**WHAT THE EXERCISE ASKS**
The answer must be the full data, restated word for word, with no pictures in it.

**COLLECTED MATERIAL**

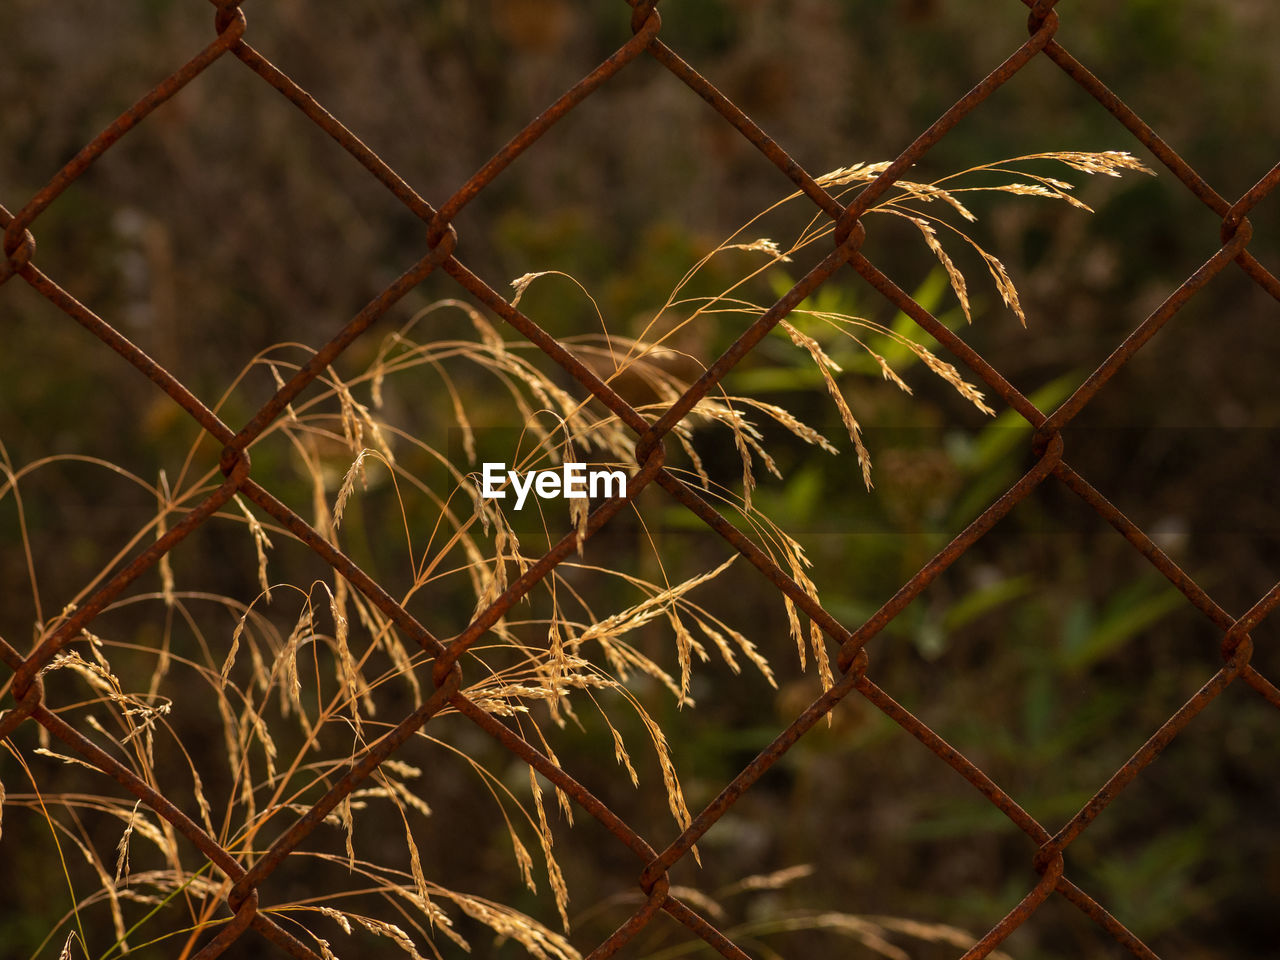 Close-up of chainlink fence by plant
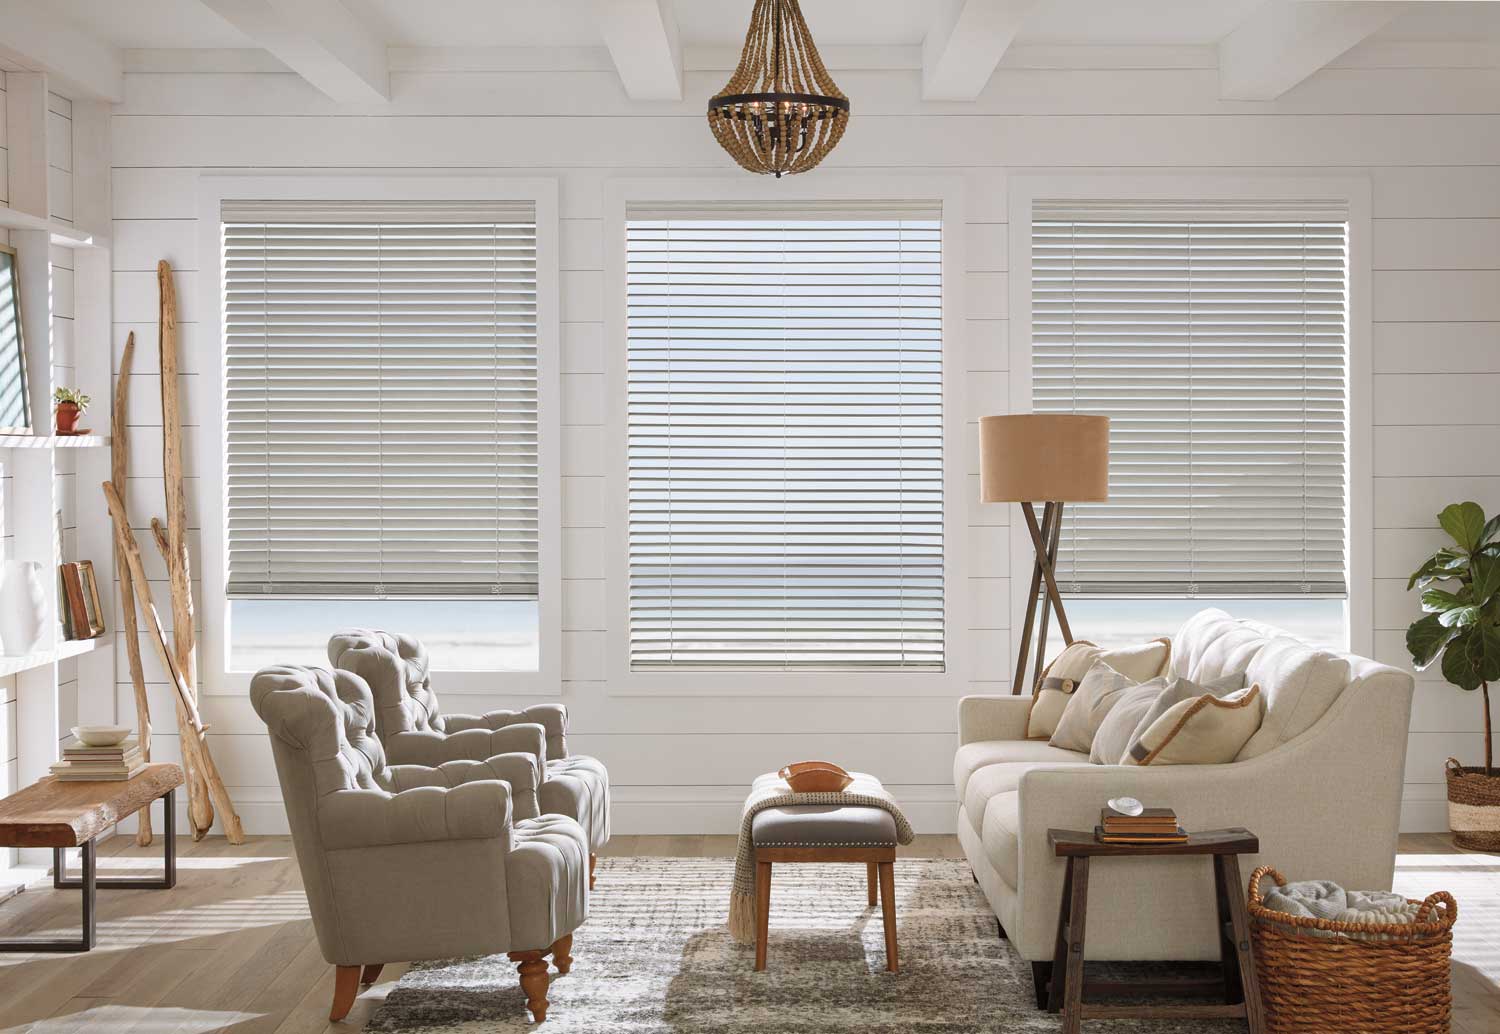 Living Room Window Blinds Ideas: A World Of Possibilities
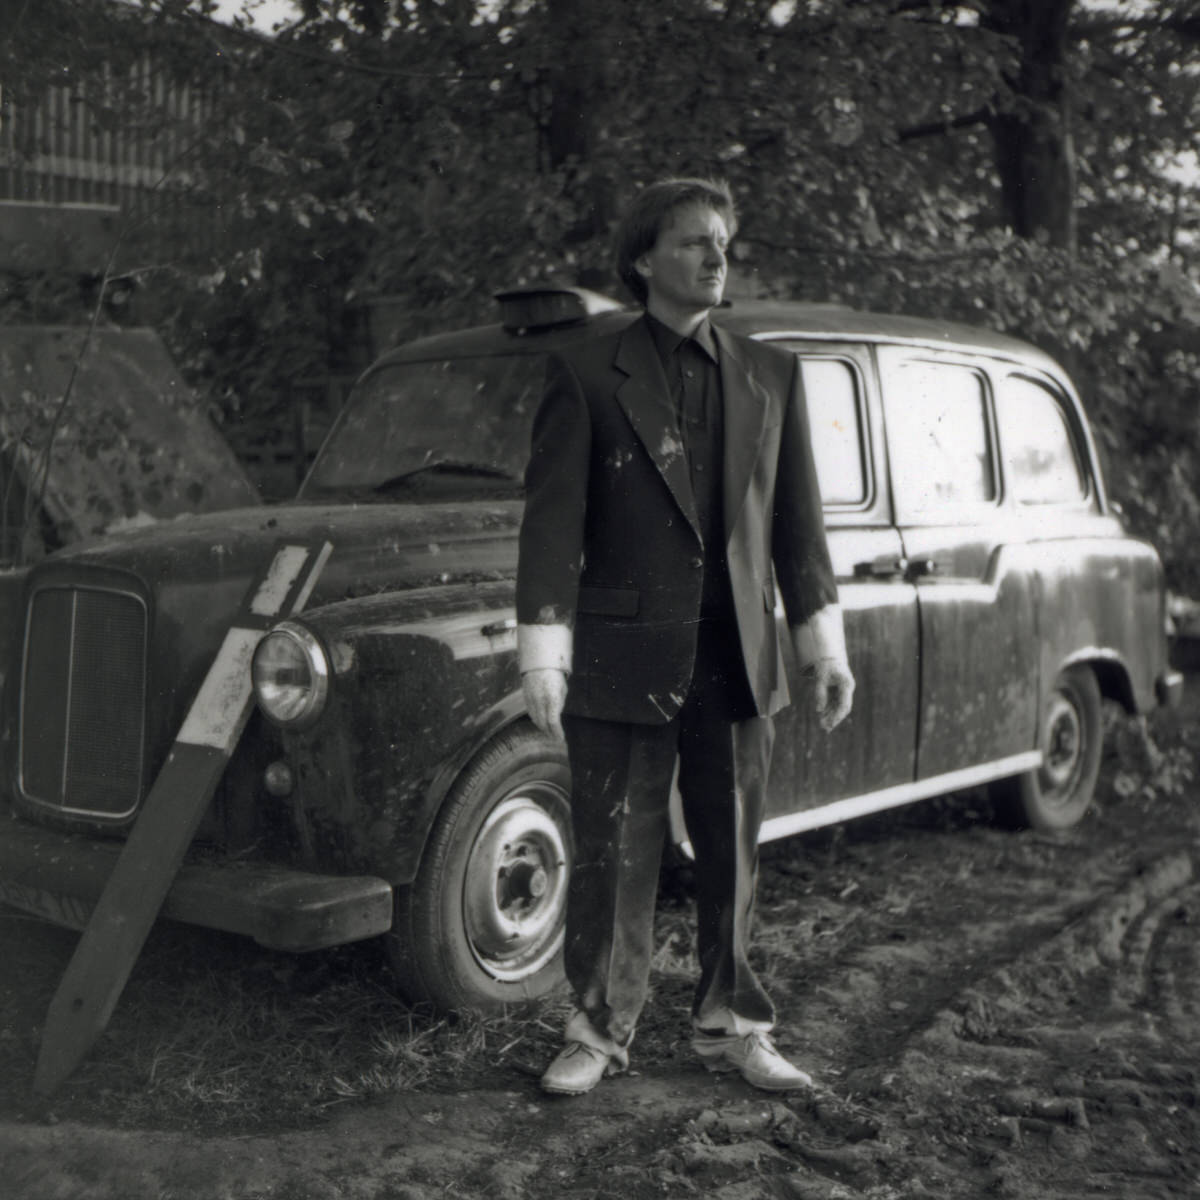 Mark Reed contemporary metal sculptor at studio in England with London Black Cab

**ANSWER SPACE**
 Close-up of chainlink fence by plant
 Living Room Window Blinds Ideas: A World Of Possibilities
 Mark Reed contemporary metal sculptor at studio in England with London Black Cab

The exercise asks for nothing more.